Christian, an expat Aussie-American, reunites with his childhood best friend Oliver when home to attend his father’s wedding to a much younger woman. Yet within days of being reacquainted, he pieces together a connection between Oliver’s wife, the couple’s daughter Hedvig, and the family tragedy that caused his self-imposed exile.

It doesn’t take a genius to figure this one out and about 20 minutes in I had pretty much clocked it. Yet every time the mystery is mentioned between characters, the scene cuts away; I wasn’t sure whether this was to keep the audience in the dark or because the secret was so obvious there was no need to waste screen time verbalising it.

Nevertheless, director Simon Stone has more in his deck of cards than just a twist, and when it seems The Daughter is building solely to a revelation so obvious you can pretty much guess it from the title, the film gives way to a brief but heart-wrenching final act. It’s then that The Daughter is revealed to be more than a mystery, but rather a cautionary tale, a tragedy, a tear jerker.

Unfortunately, it’s also riddled with fantastical cliché: a small town devastated by the loss of the timber mill; a dementia addled patriarch with a heart of gold; a beautiful-yet-tragic abandoned factory used by local youth as a very loaded playground; and of course, a manic-pixie-dream-girl teen, pink haired, precocious and over-idealised to the max.
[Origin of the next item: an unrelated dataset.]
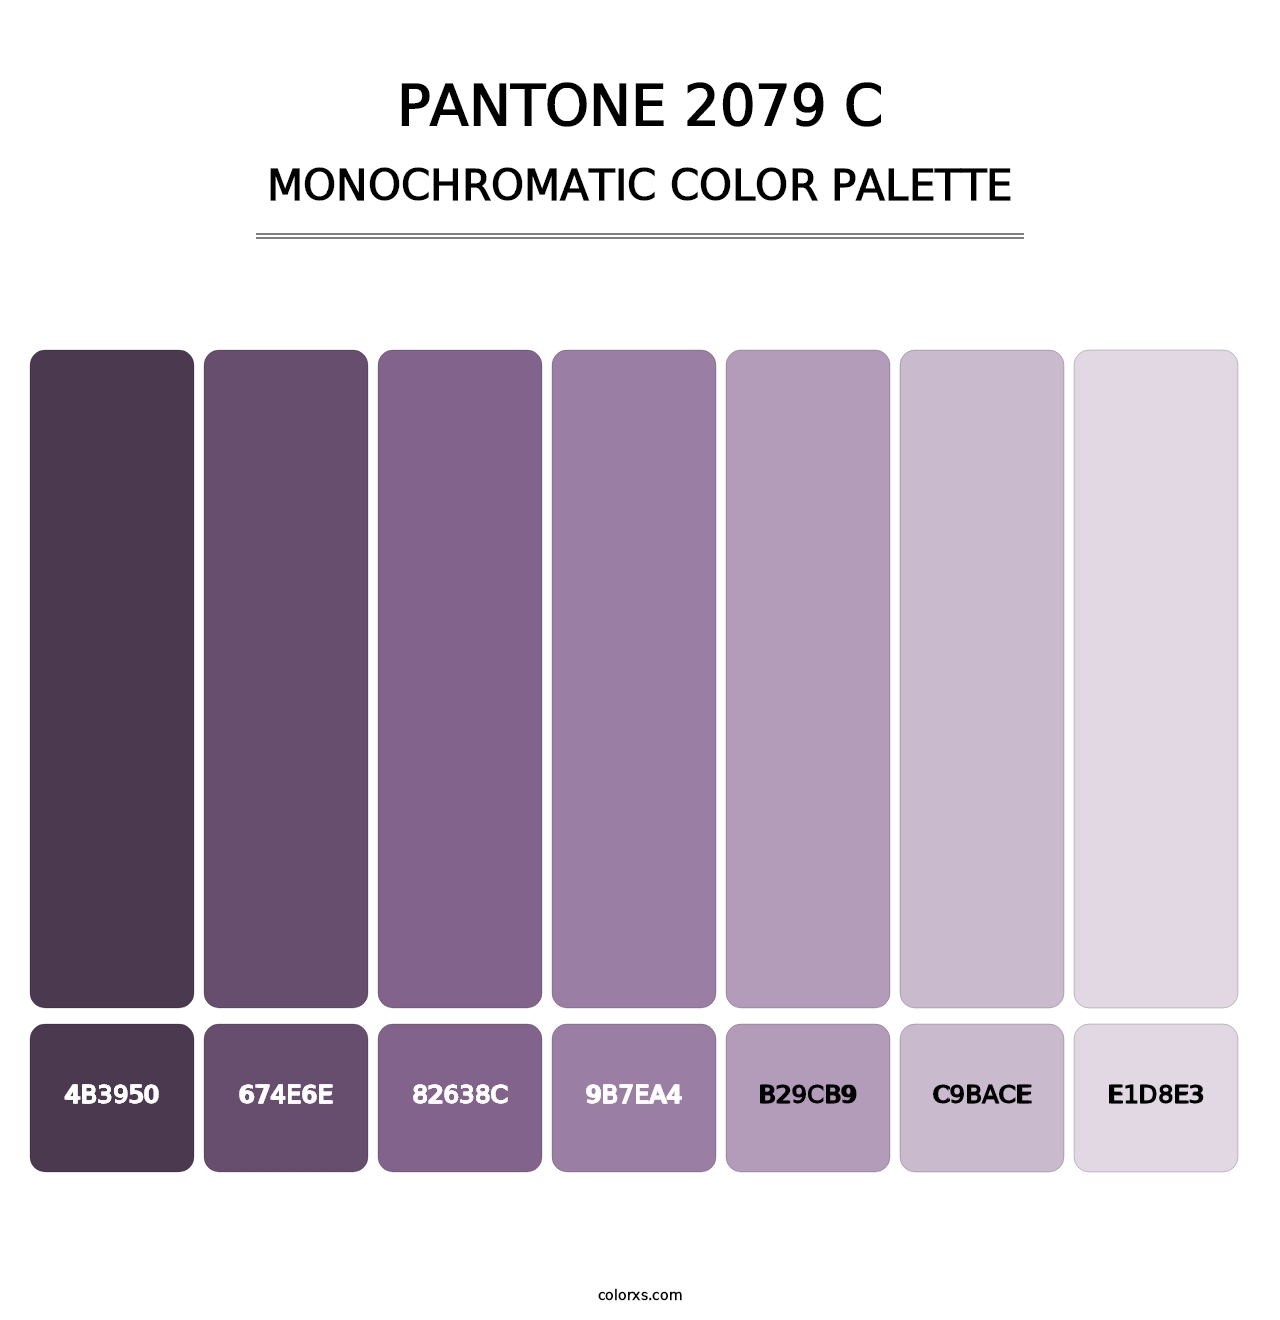 PANTONE 2079 C - Monochromatic Color Palette

Actually, over-idealisation is the name of the game here. Bunnies and kangaroos frolic in a makeshift rescue zoo. Every night features a flattering bonfire and deep conversation. And seeing attractive teens clamber over the nicely lit ruins of their town is about as original as any Skins episode.
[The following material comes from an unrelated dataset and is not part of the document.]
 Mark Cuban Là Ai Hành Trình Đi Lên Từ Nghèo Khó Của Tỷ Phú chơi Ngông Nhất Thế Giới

Most of all, Oliver’s small, beautiful family, comprised of wife Natasha, daughter Hedvig, and father-in-law Walter, are so sweet, so content, so utterly perfect, that of course something is going to come along and disrupt their domestic bliss. And it does!
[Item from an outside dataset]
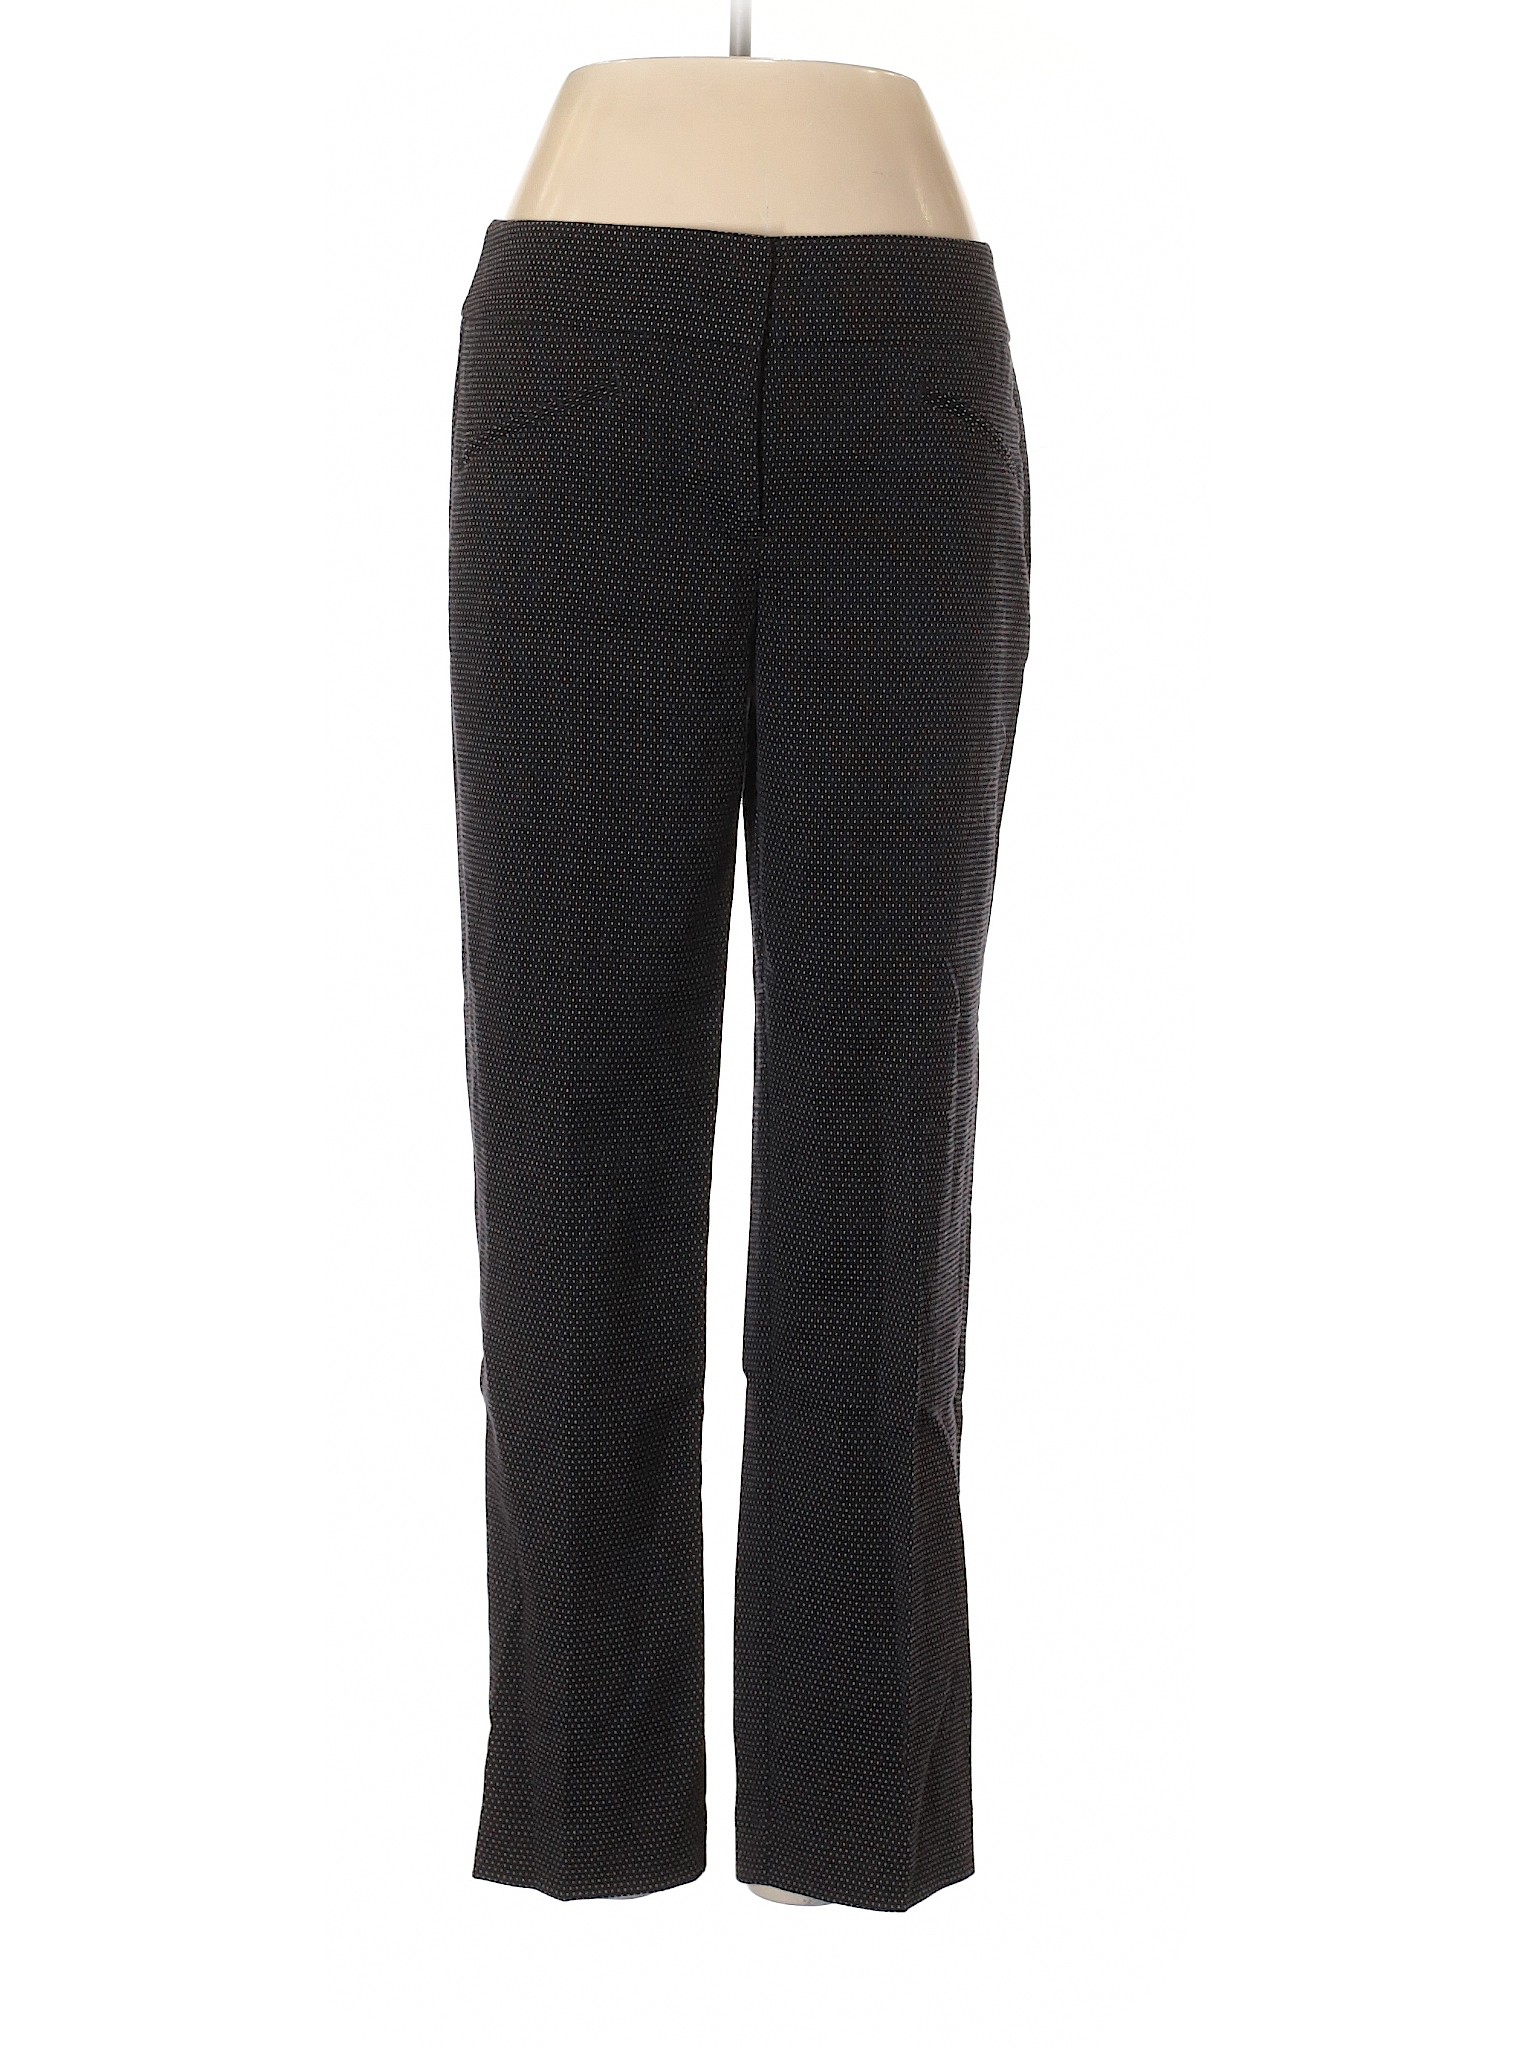 Ann Taylor Factory Women Black Dress Pants 2 | eBay

But having played coy with the secret for so long, the revelation feels a little bit underwhelming. Yeah it’s bad, but is it really that bad? The turmoil that ensues feels unbelievable; would such sweetness turn to cruelty in so little time? Isn’t this all a huge overreaction?

It probably wouldn’t and yes definitely are the answers, but in antipodean family drama, seemingly no problem is too small for some truly catastrophic fallout. The Daughter is no exception and, though it feels over the top, it’s effective as melodrama - which is to say, by the emotional crescendo, you do get a bit teary.

For the most part, The Daughter is nothing groundbreaking. Rather, it’s a classically formulaic family melodrama that makes bold but superficial claims to meaning by leaching off themes of economic disparity and repressed history.

In these respects, it’s little more than a contender for a spot in the University of Auckland FTVMS 101 Curriculum. However in its final moments, there’s also something pretty upsetting about The Daughter. Perhaps because it feels so contrived and predictable for much of the running time, the final, ambiguous moments are all the more distressing. Perhaps it's because the naturalistic performances feel so real and affecting that cry-babies like me can’t help but fall apart. Or maybe it’s for the same reason that these stories continue to be produced in this part of the world; because we keep looking for this sad story of families destroyed by the past.

Of course, it’s also telling that these stories typically centre on all white casts dealing with only very recent history. The small, innocent, economically ruined rural town of The Daughter is inhabited by only white residents. What happens to the characters is tragic, yet with the film’s issues of paternity, family and displacement, it’s hard not to think of certain moments in Australian history in which indigenous people have dealt with far worse.

The purpose of melodrama is to provide catharsis, for audiences to become immersed in an onscreen tragedy and let their repressed emotions rise to the surface to be purged. Yet films like The Daughter still seem to be hiding something.

The Daughter is currently screening at the NZ International Film Festival.